Пока хозяин бегал, устраивая небогатое угощение, Борис Николаевич безучастно разглядывал его комнатушку. Ёлкин сам не слишком-то ценил комфорт, но жильё Софокла произвело впечатление даже на него. Комната представляла собой филиал помойки. Железная полуржавая кровать с постелью без белья была покрыта солдатским, прожжённым в нескольких местах одеялом. Из мебели, кроме шаткого стола и стула, на котором восседал Борис Николаевич, стояла белая больничная тумбочка. Остальное пространство, включая тумбочку, было завалено всевозможным хламом: сломанными вещами, книгами, детскими игрушками… Нет, игрушками Софокл не играл и книг не читал – это всё был его «улов» из мусорных баков, который каждое утро до прихода машины Софокл выуживал и, если удастся, продавал на барахолке – чем и кормился. На окне у Софокла висела верёвочка с тощими воблинами – ещё одна статья его скудного дохода.
– Говорят, Николаич, сделают, что магазины снова с двух часов открываться начнут, – тревожно сказал Софокл. – Ну, тогда – ё-моё!
Он разлил по замызганным стаканам водку, на закуску снял с окна и сдёрнул с верёвочки сушёную рыбёшку.
– Николаич, ты того… не расстраивайся. Щас выпьем – как рукой снимет!
Ёлкин несколько оживился перед предстоящим застольем, чокнулся с Софоклом и в один миг осушил свой стакан. Поморщился: такой гадости он давно не пил.
– Ты… это… – начал Борис Николаевич, будто очнувшись от долгого сна. – Как звать-то тебя? Забыл…
– Софкой все кличут. Ну и вы, стало быть, зовите, – великодушно разрешил Софокл. – Детдомовский я. Кто меня так назвал – хрен его знает. А мне и без разницы: по мне хоть горшком зови, только в печь не ставь.
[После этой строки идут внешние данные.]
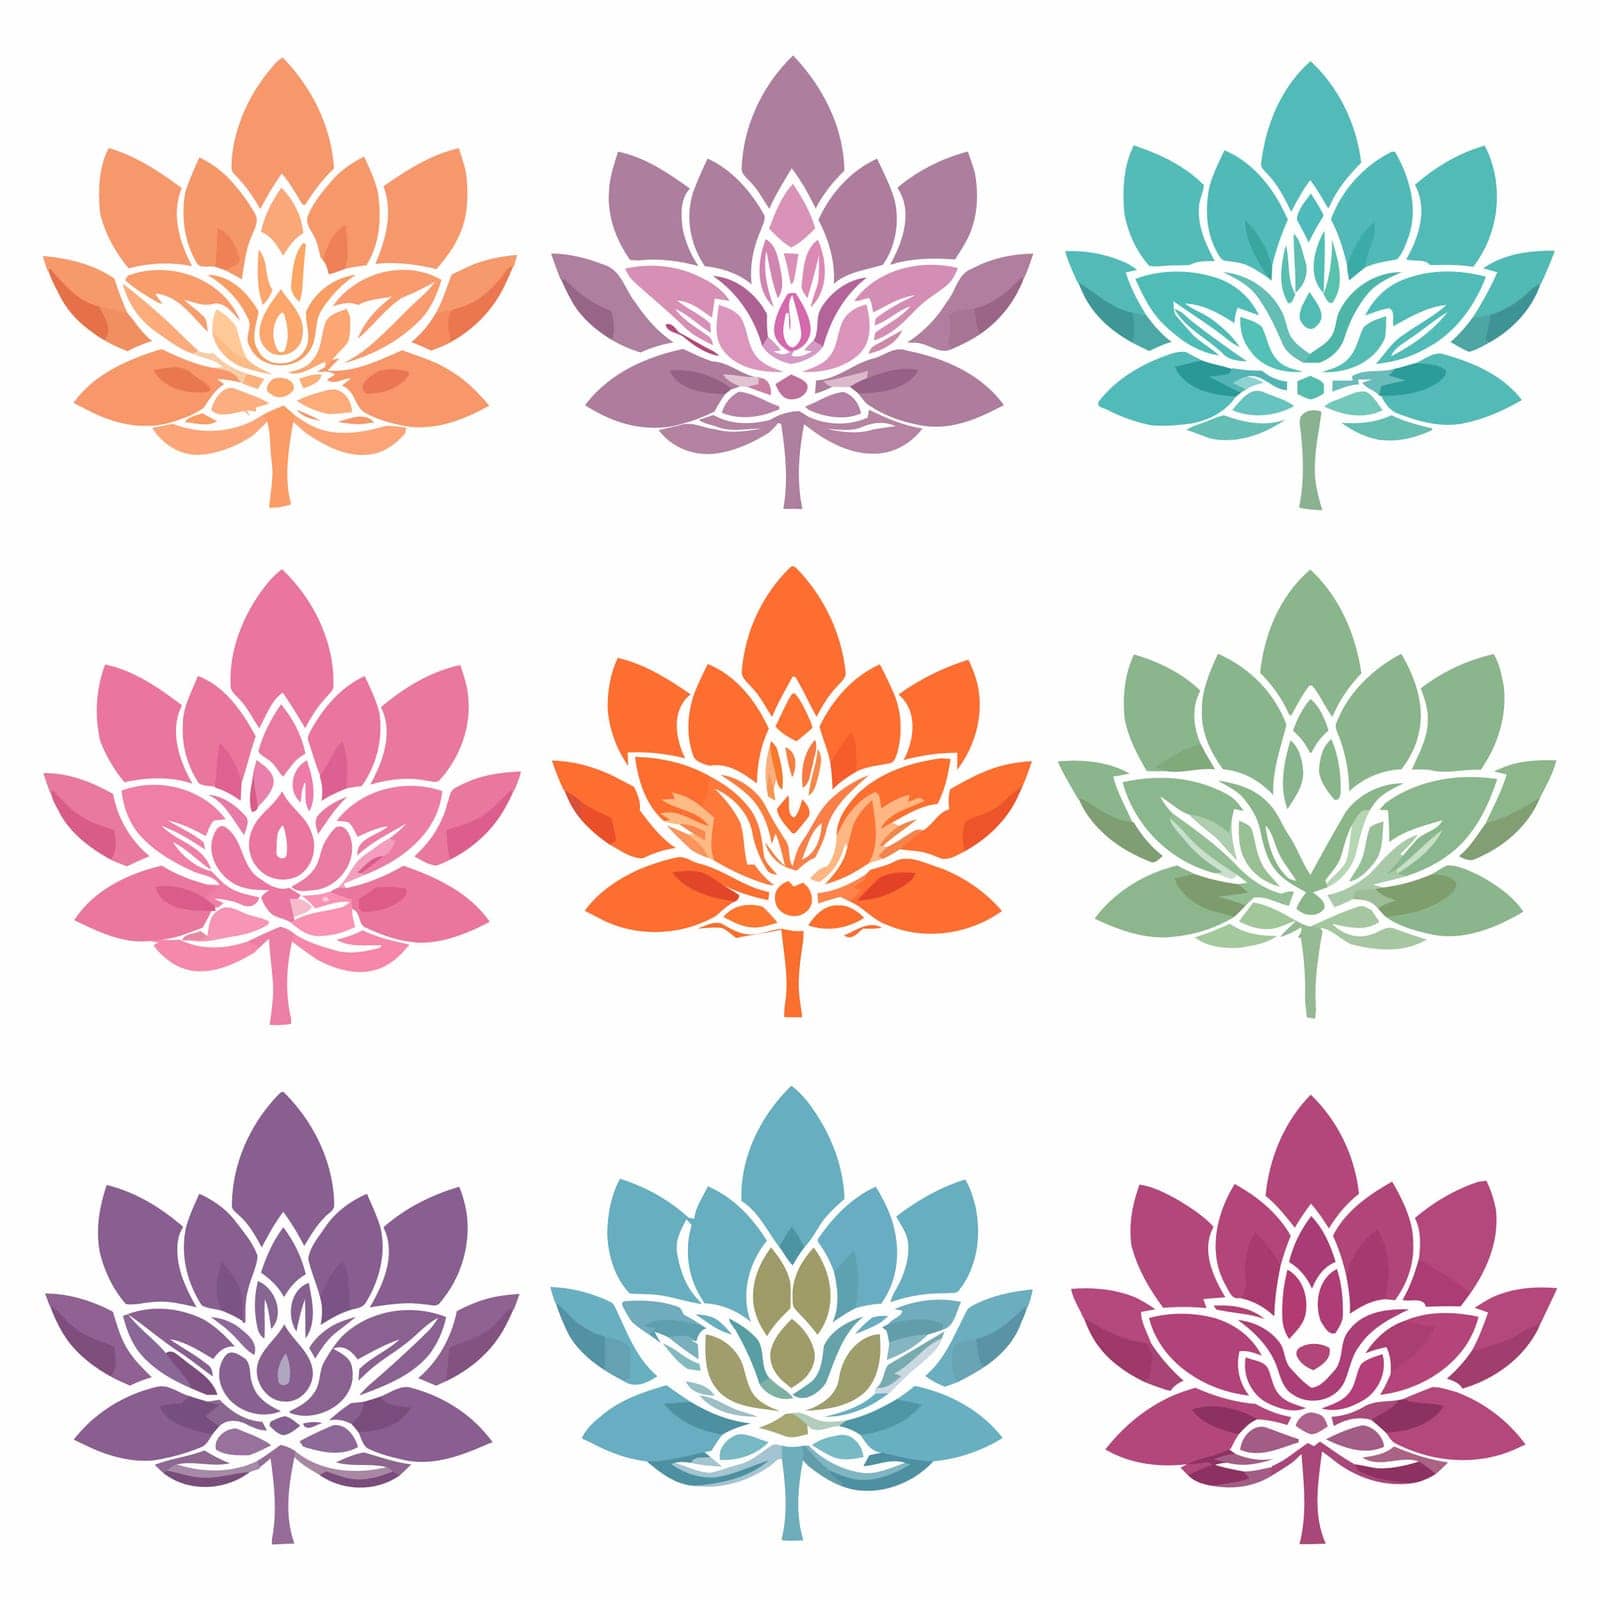 Flower icons set. Abstract colorful flowers on white background. Flower collection in flat design. Vector illustration

Гы-гы-гы! – обнажил Софка трухлявые, как и всё в его комнате, зубы. – Ещё по одной, Николаич?
Тяпнули ещё по одной. Некоторое время оба молча терзали дохлых рыбёшек.
– Софка… – начал Борис Николаевич. – Ты ж понимаешь… Я ж хотел как лучше… Чтобы народ… Чтоб россияне…
– Конечно хотел, Николаич, – быстро согласился Софокл. – Я ж понимаю, тяжело тебе было.
– Софка… – хмелея, тяжело ворочал языком Ёлкин. – Я ж как лучше людям хотел. Я ж всё для них старался, понимаешь… Я когда первый раз в Америку ездил… в эти, то есть, Соединённые Штаты… В восемьдесят девятом ещё было… Как зашёл в их супермаркет, а там… Ну поверишь, тридцать тысяч наименований товару! Красотища, цветы кругом, освещение – ну как на выставке какой у инопланетян, понимаешь. И ходят туда за покупками обыкновенные рядовые американцы. А у нас тогда в магазинах пустые полки были, продукты по талонам давали. Продавщицы хамят, народ нищий, голодный, злой. И вот, стоя там, в этом американском супермаркете, посреди такой красотищи, дал я себе клятву, что если только я прийду к власти, то и у нас всё так будет. Чтобы в магазинах – цветы, музыка, вежливые продавщицы, подсветка витрин всякая и тридцать тысяч наименований товару! Я ж хотел… – и скупые слёзы полились по небритым щекам незадачливого экс-президента.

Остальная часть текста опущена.